- **Work to be completed**:
Please repeat, exactly as written, every line from the one containing "Unseen Sunscreen Body" through the last line of the records, both included, and leave out any pictures.

═════ Records supplied ═════

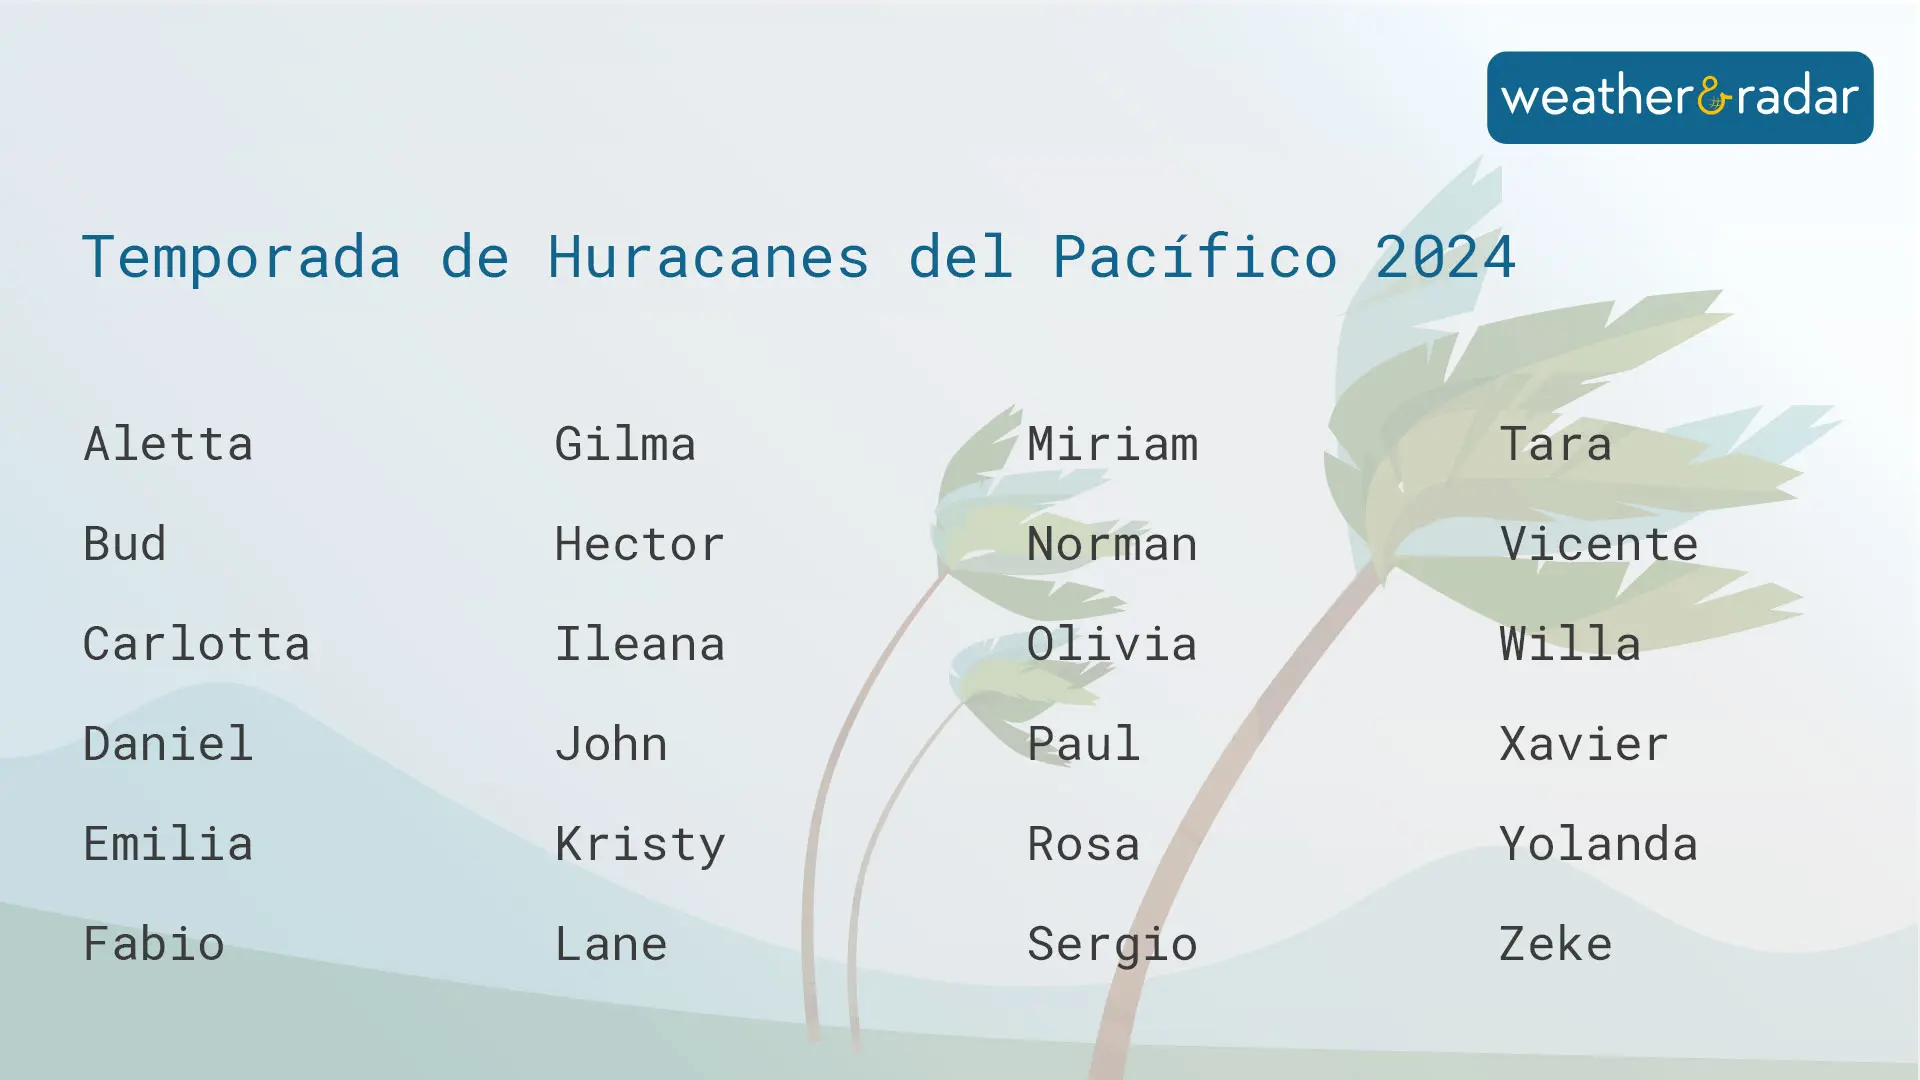 Nombres de la temporada de huracanes del Pacífico de 2024
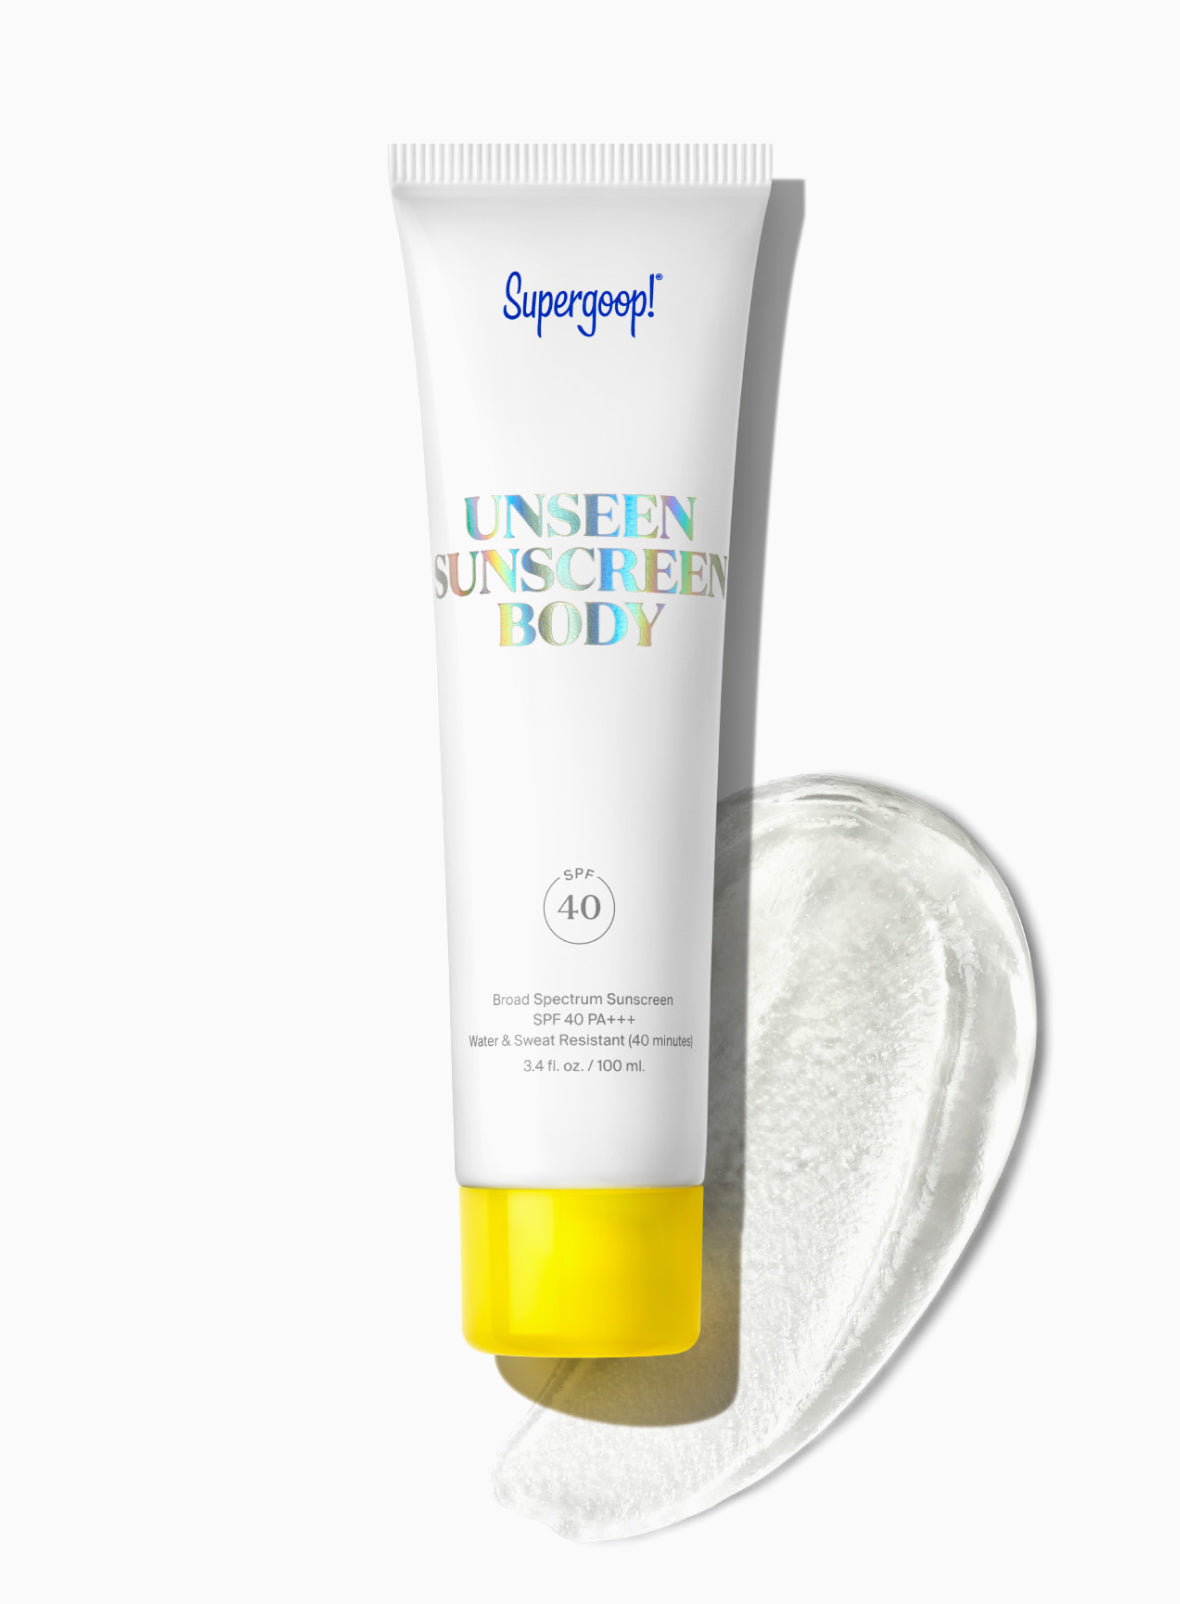 Unseen Sunscreen Body SPF 40 3.4 fl. oz. | Supergoop!
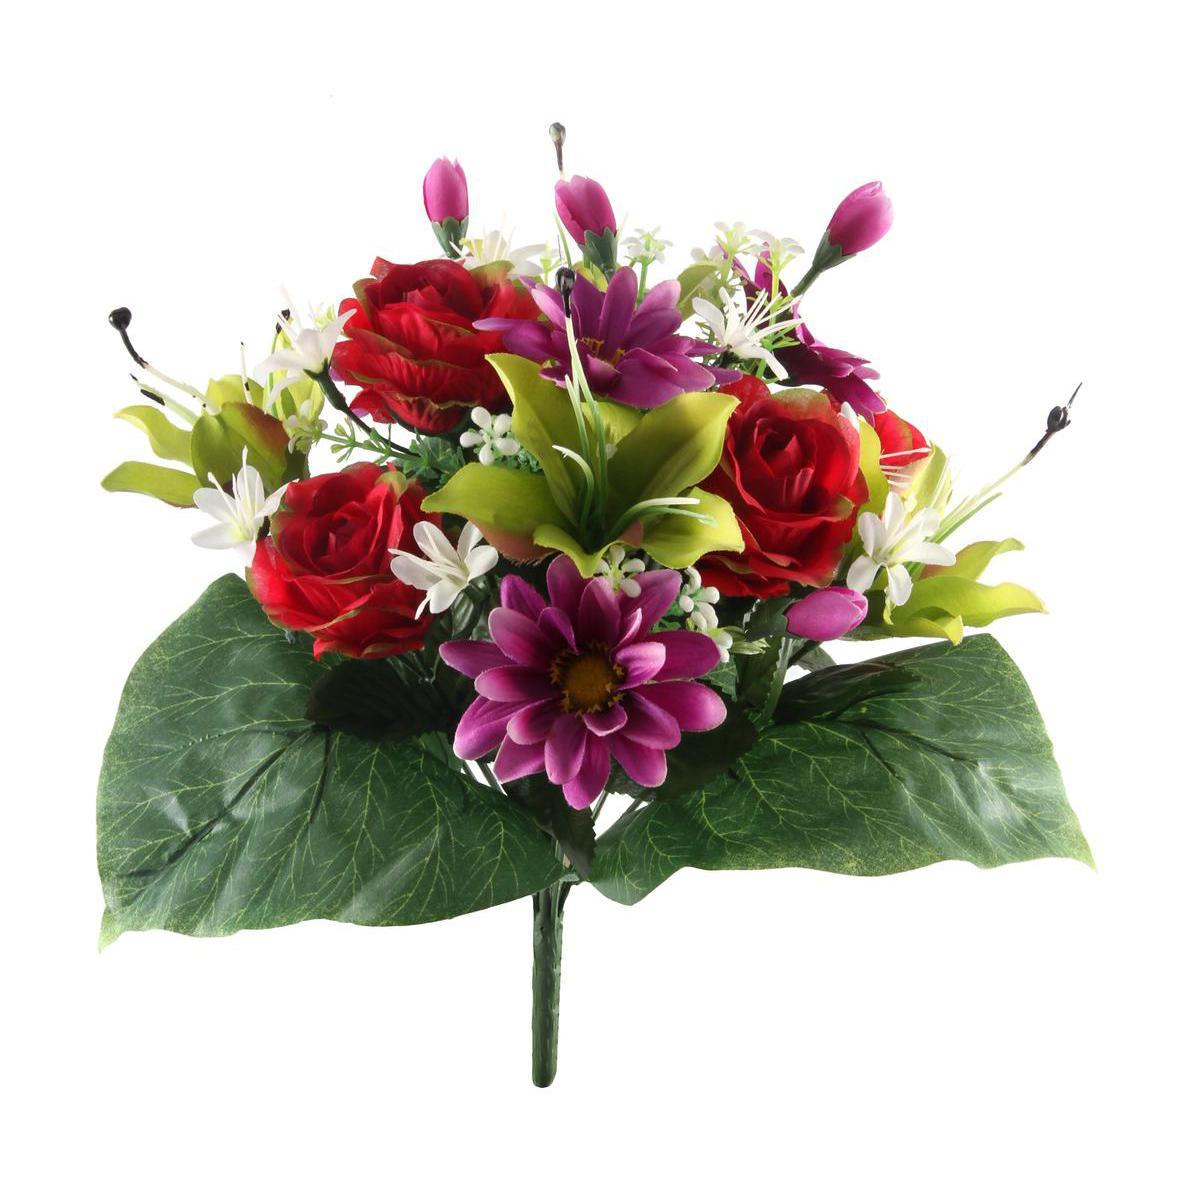 Bouquet de roses, gerberas et lys - Plastique et polyester - Hauteur 36 cm - Rouge, violet, jaune et orange
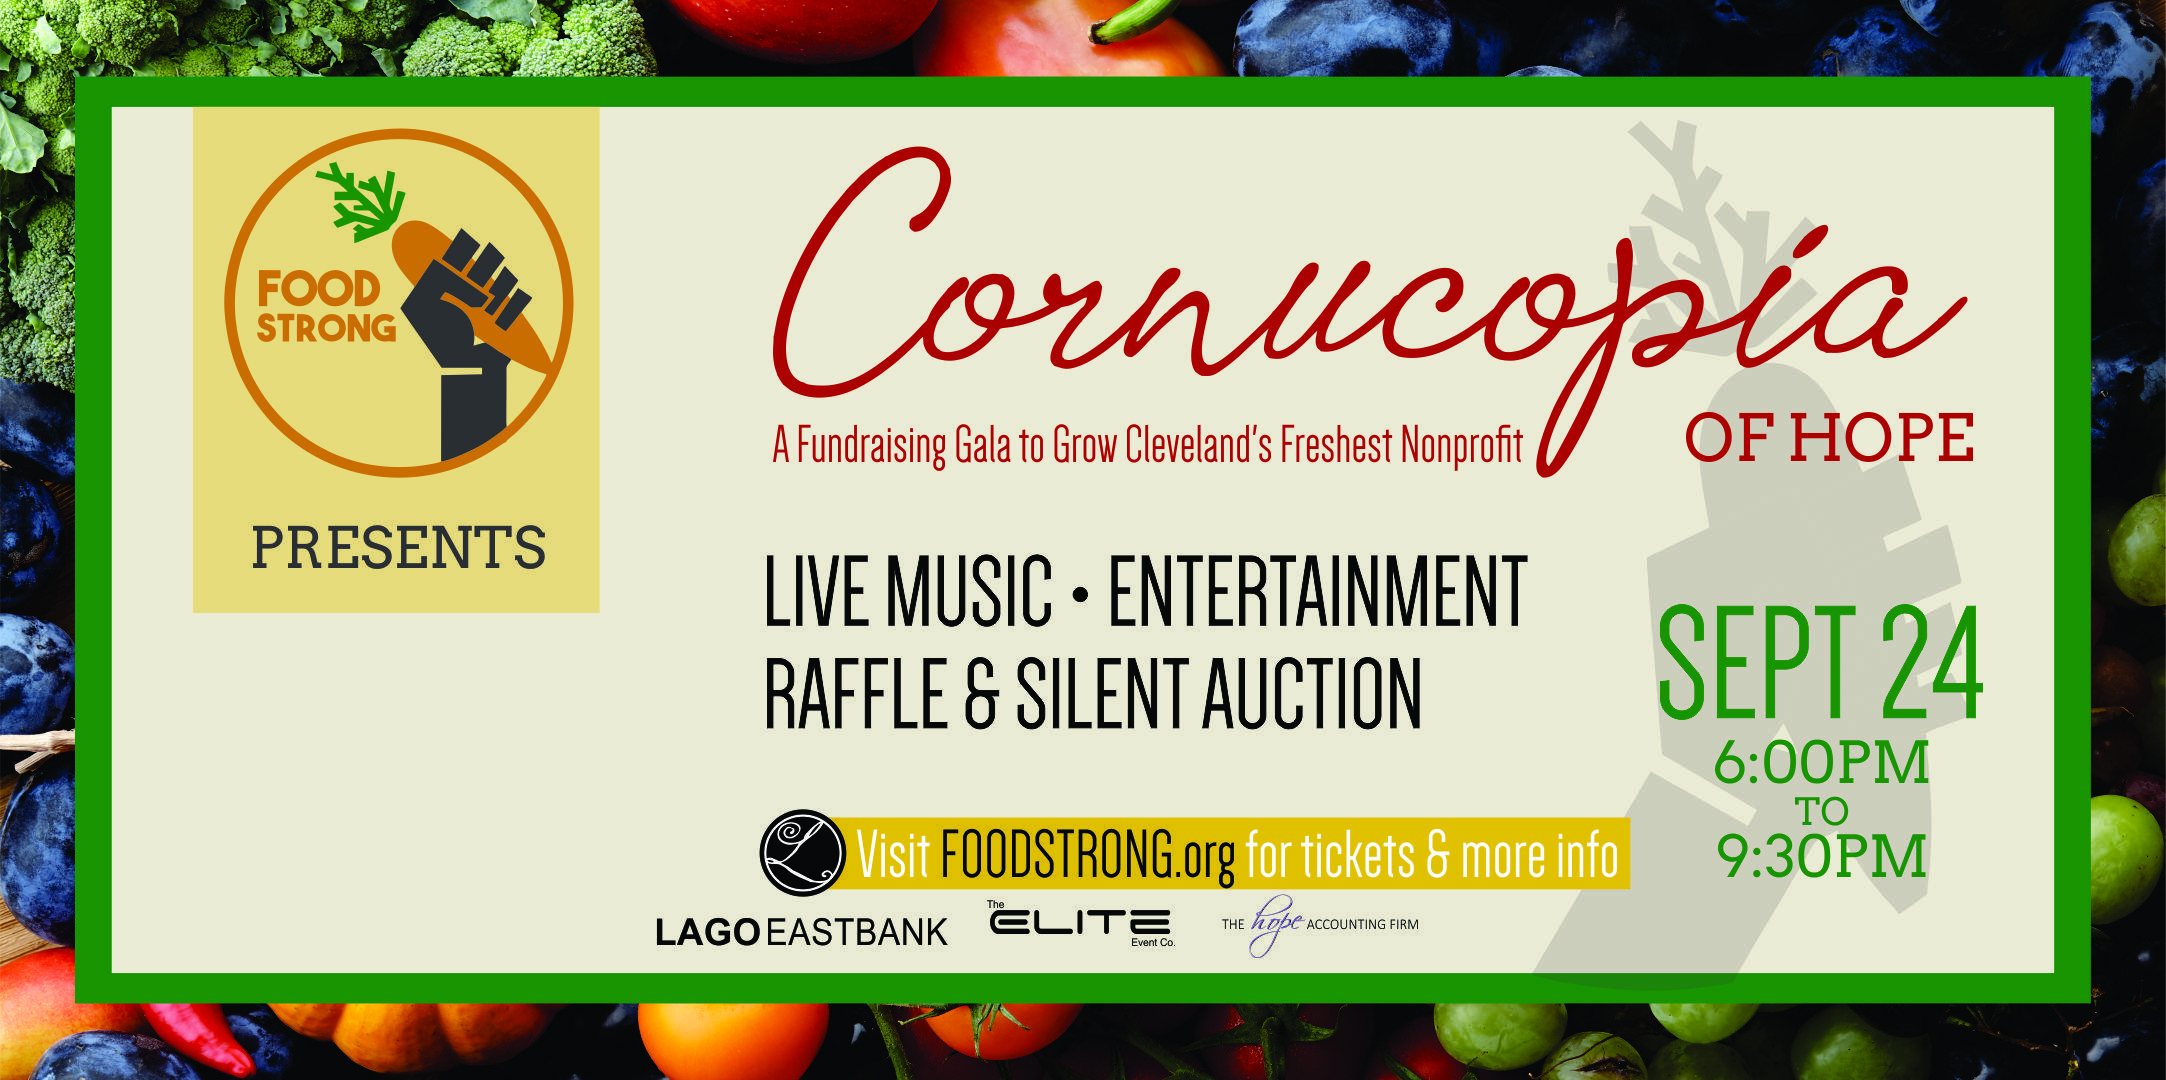 Cornucopia of Hope:A Fundraising Gala to Grow Clevelands Freshest Nonprofit
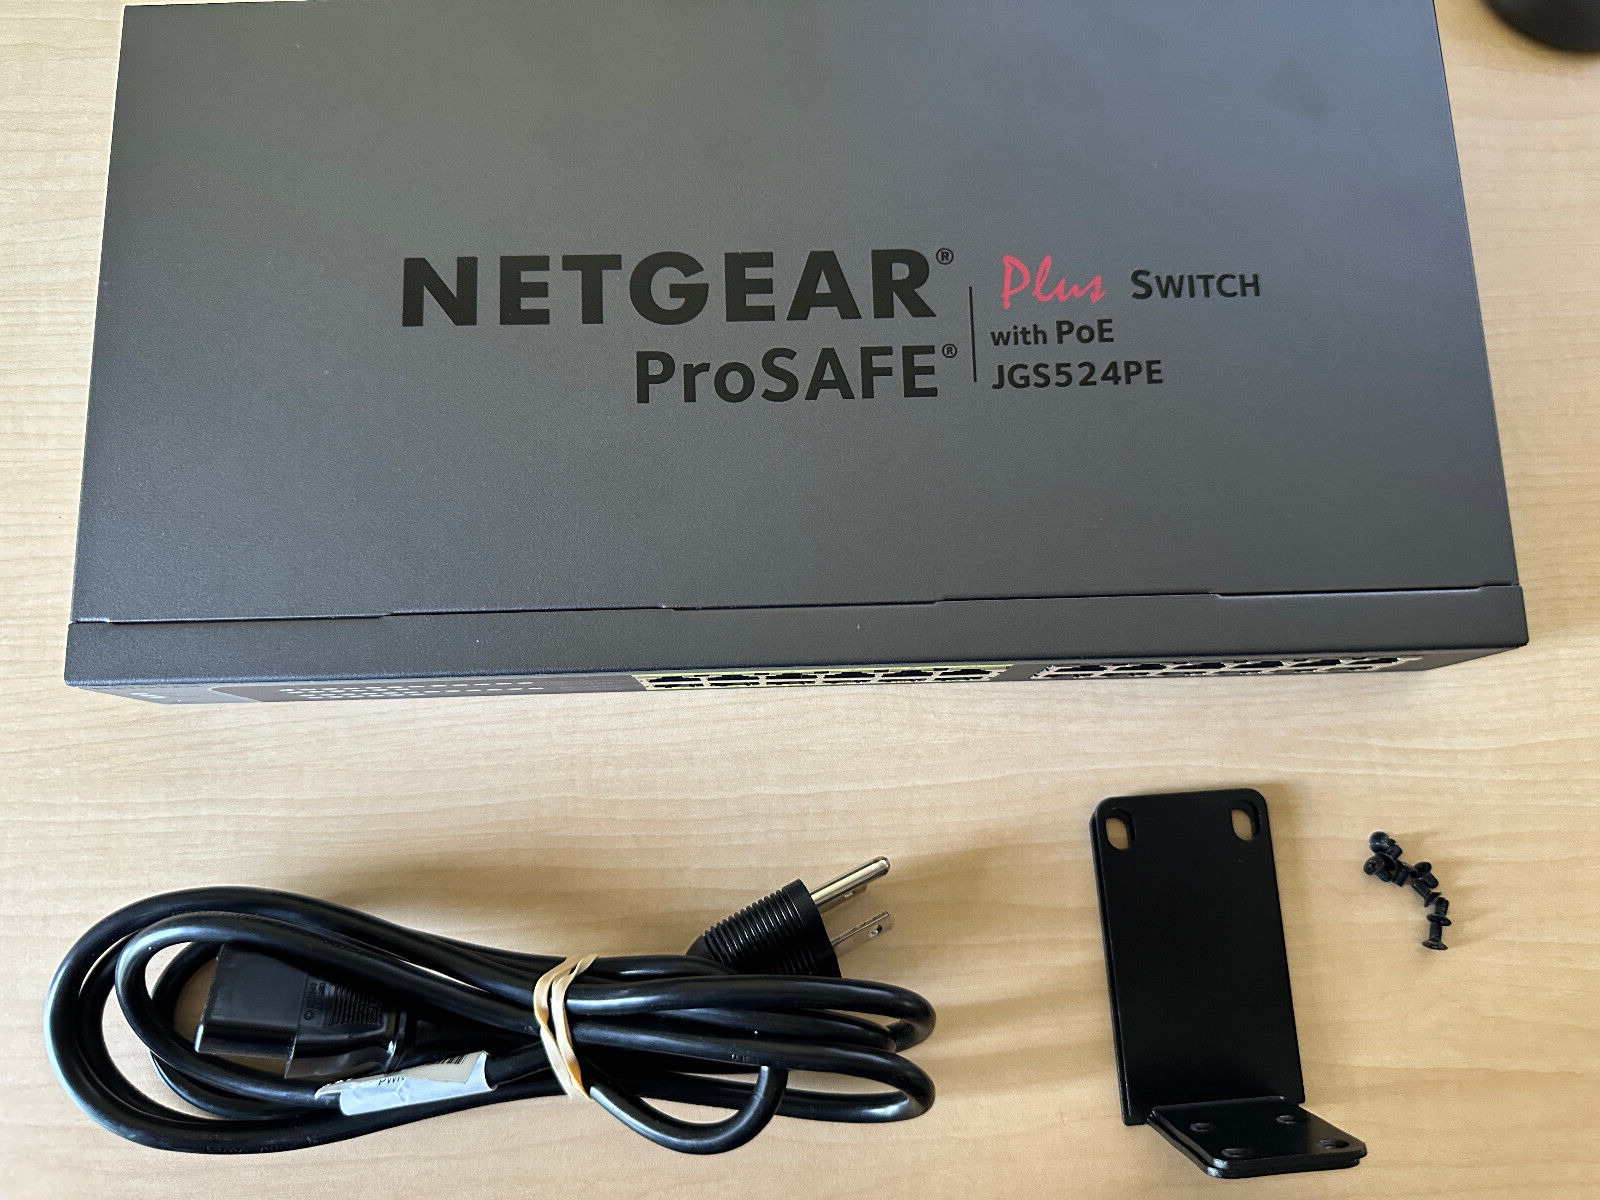 NetGear ProSafe JGS524PE 24 Port Gigabit PoE Network Switch TESTED W/ Rack Ears

═════

- **Answer box**:
 Unseen Sunscreen Body SPF 40 3.4 fl. oz. | Supergoop!
 Bouquet de roses, gerberas et lys - Plastique et polyester - Hauteur 36 cm - Rouge, violet, jaune et orange
 Cornucopia of Hope:A Fundraising Gala to Grow Clevelands Freshest Nonprofit
 NetGear ProSafe JGS524PE 24 Port Gigabit PoE Network Switch TESTED W/ Rack Ears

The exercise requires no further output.